Rory was incredibly prolific. He never let up. He was a theater-dwelling giant who made the stage toss with his words like the Mongol invasion fleet in the monster waves of the typhoon of 1281.

At that time --three/four years ago, not 1281 -- the Penny Dreadful Players were a close-knit group who were constantly writing, and producing, and starring in each other's work. So I saw Rory doing something cool on a pretty regular basis. I saw him in many places and many guises. From a small turn as Blackbeard on the arm of a woman trying to make her ex-boyfriend jealous; to singing Marc Heiden's words about we'll never be receptive to truth because, well, we can't stop staring at teen celebrity hinders; to exploring the origin of evil as a viable personal philosophy in Turok the Inadequate; to exploring what would happen if Byron and Shelley, those Romantics with outsized appetites for life, rose from the grave with, well -- outsized appetites for life; to writing, producing, directing, and starring in full-length barrages of ideas and human conflict, set in the post-Apocalyptic future and in Evanston, Illinois.

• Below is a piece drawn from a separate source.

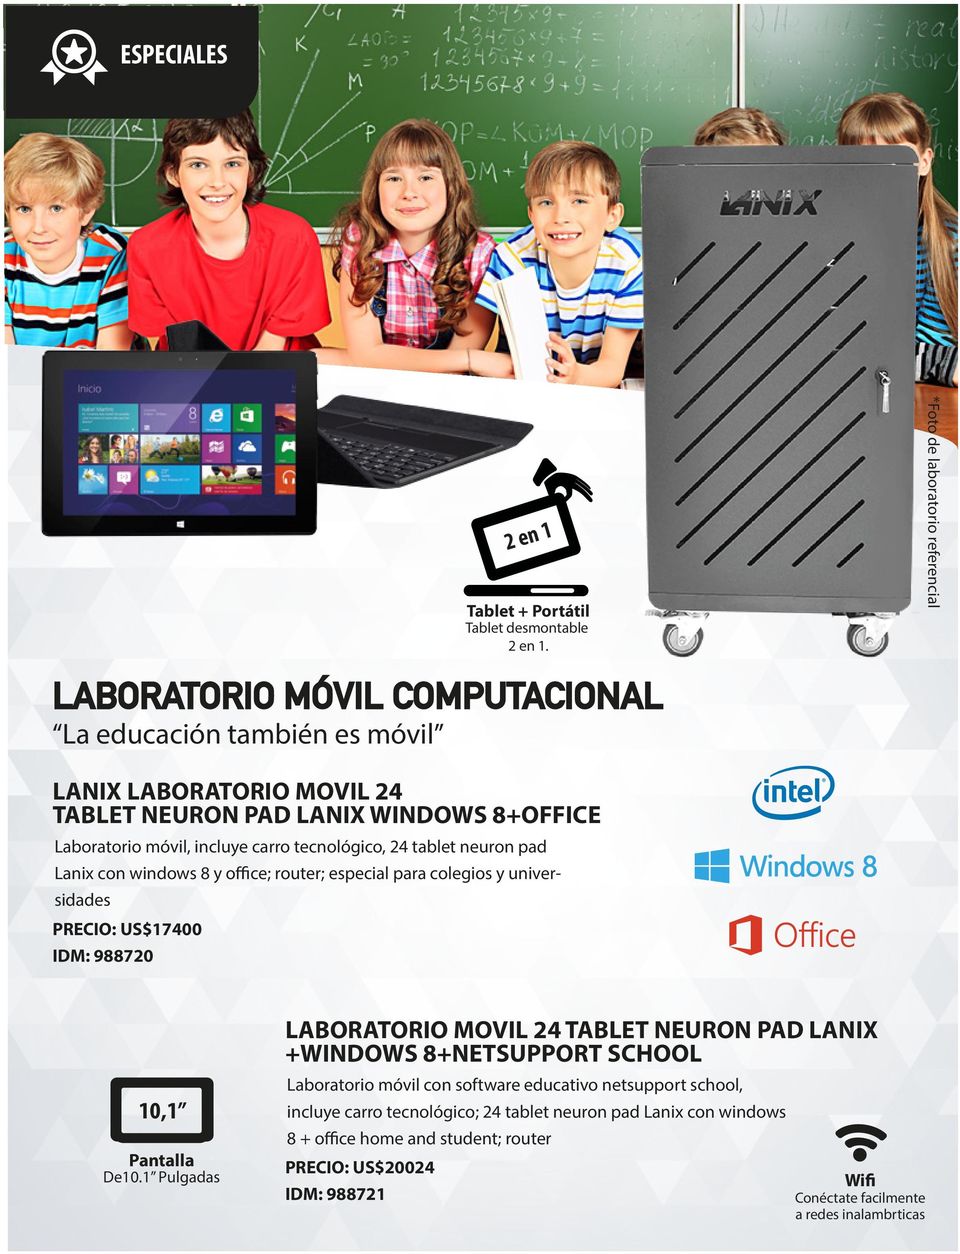 incluye carro tecnológico, 24 tablet neuron pad Lanix con windows 8 y office; router; especial para colegios y universidades PRECIO: US$17400 IDM: 988720 10,1 Pantalla De10.

Rory's work is verbal and clever. But the clever words aren't in the service of cleverness itself. His plays are densely populated, and almost every character has a lot to say. His dialogue, I think, is born out of a sense that almost everyone has something to say that's worth listening to. Except the mad scientists, of course.

Now, after ages of being trapped in the belly of the U of I, then cutting his way out and charting a raft for Chicago, he's got a crew together. Once again, his voice booms across the waves, strong and sure. Next month he's producing his play Lysistrata 3000. And he's joined us as the newest member of the What Jail Is Like collective. I couldn't be happier.

For all his work, this is one of Rory's first appearances in the online world. Technically, I've got his website only as far as the larval stage. But his weblog is up and wriggling healthily. And he's got the first two scenes of Lysistrata 3000 online. Take a look when you get a chance.

When I used to go see Rory's plays in Champaign/Urbana, I'd know how good they were by how depressed I was after seeing them. How, I would think, can someone ten years younger than me have such poise and grace, and be so far ahead? And, folks, he's still going. Next month, I look forward to being depressed. Just like old times.